A recent report by the Department of Trade and Industry showed that semiconductors and

electronic products are the country’s top export, accounting for 45.96% of export goods as of

April 2015. In 2014, Philippines earned $16,913,341,592.66 on integrated circuits alone (Simoes,

2014).

The non-stock, non-profit organization Semiconductor and Electronics Industries in the

Philippines, Inc. or SEIPI has presented that in order to maintain the growth of the electronics

industry in the country, manufacturing cost control and silicon wafer fabrication for

semiconductors are areas that need to be developed in the country. Presently, the country imports

all materials abroad and only focuses on test and assembly of semiconductors and electronics.

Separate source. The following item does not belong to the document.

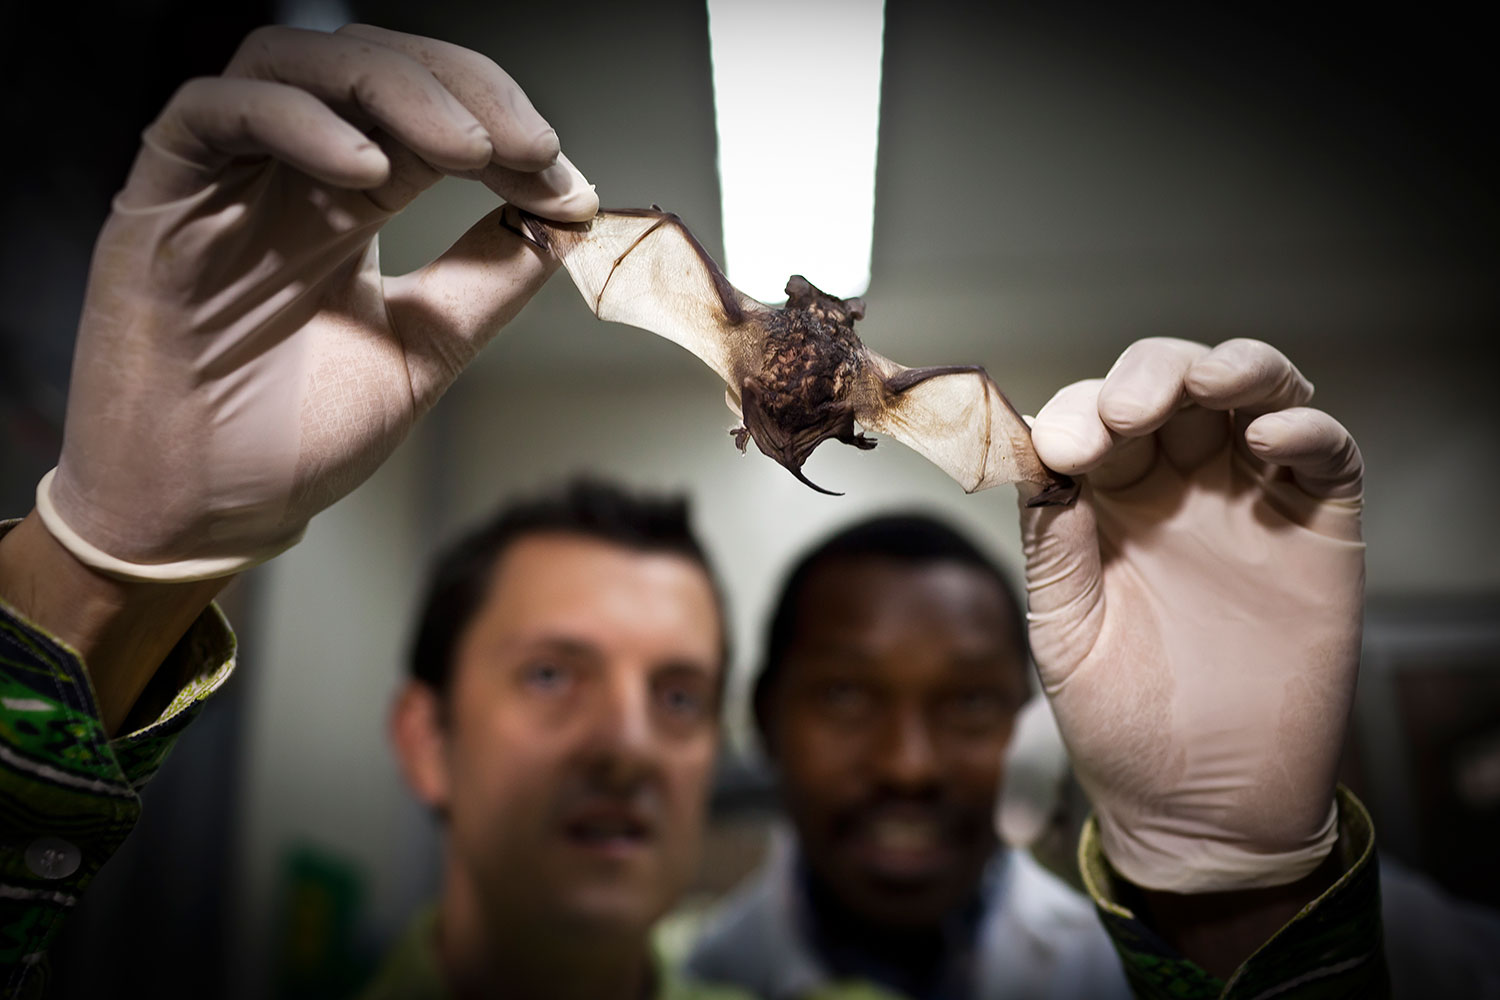 Mat Lebreton and Cyrille Djoko examine a bat as part of their search for dangerous animal pathogens in the Global Viral Forecasting Initiative Lab in Yaounde, Cameroon on July 28, 2011.

Manufacturing the raw materials here in the country could be an advantage for the electronics

sector, especially in reducing production costs and decreasing the reliance on imports from other

countries (Santiago, 2015).

2.3 Manufacture of silicon in the industry

Quartz sand, basically crystalline SiO2, is the raw material for the industrial production of

metallurgical-grade silicon or MG-Si whose purity ranges between 98-99%. The sand is reduced

by carbon at 1900°C in an electric arc furnace. The majority of the world’s production is used as

raw material for the manufacture of steel and aluminum alloys, solar cell industries, and

electronics. The level of impurity in metallurgical-grade silicon is too high for photovoltaic and


microelectronics applications, thus the need for further purification steps in producing solar-

ready and circuit-ready silicon (Koch and Rinke, 2014).

In the commercial-scale, electronic-grade silicon (EG-Si) is manufactured by the

commonly used process known as the Siemens process. It is at present the standard method for

purifying metallurgical-grade silicon (MG-Si) to 99.9999% pure polycrystalline silicon or use in

producing semiconductor devices and solar cells (Lund, Zhang, Jennings and Singh, 2000). This

is done according to the chemical reactions:

Metallurgical Si(s) + 3HCl(g) SiHCl3(g) + H2(g) (reaction 1)

SiHCl3(g) + H2(g) Si(l) + 3HCl(g) (reaction 2)

In this process according to Lund et al. (2000), trichlorosilane (SiHCl3) is first obtained

from bed of fine MG-Si particles. The metallurgical particle is fluidized and chlorinated with

hydrochloric acid with copper as the catalyst in the reaction. To reduce impurities, the impure

SiHCl3 then undergo succeeding fractional distillation. A chemical vapor deposition method is

subsequently used to produce the EG-Si from the high purity SiHCl3. Vaporized SiHCl3 is

decomposed and reduced with hydrogen at about 1000°C, resulting to silicon deposit on an

inverted U-tube. The bridge is made of slim silicon rods and has been heated in a reactor by

passing an electric current through it. This process can produce six polycrystalline rods of 1 m

length and 12 cm diameter simultaneously. The obtained EG-Si has a purity of 99.9999999%

(9N purity).

Other growth techniques for photovoltaic applications are also available such as the well-

known Czochralski method and float-zone melting. The Czochralski method involves melting


metallurgical-grade silicon in a quartz crucible at a temperature greater than 1400°C, above

silicon’s melting temperature, in inert gas atmosphere commonly argon. The crucible is in a

graphite container to implement homogeneous heat transfer. A monocrystalline silicon seed

crystal is then introduced to the melt to facilitate nucleation and crystal growth. As the seed

crystal is slowly pulled out of the melt, the crucible also counter-rotates to improve homogeneity.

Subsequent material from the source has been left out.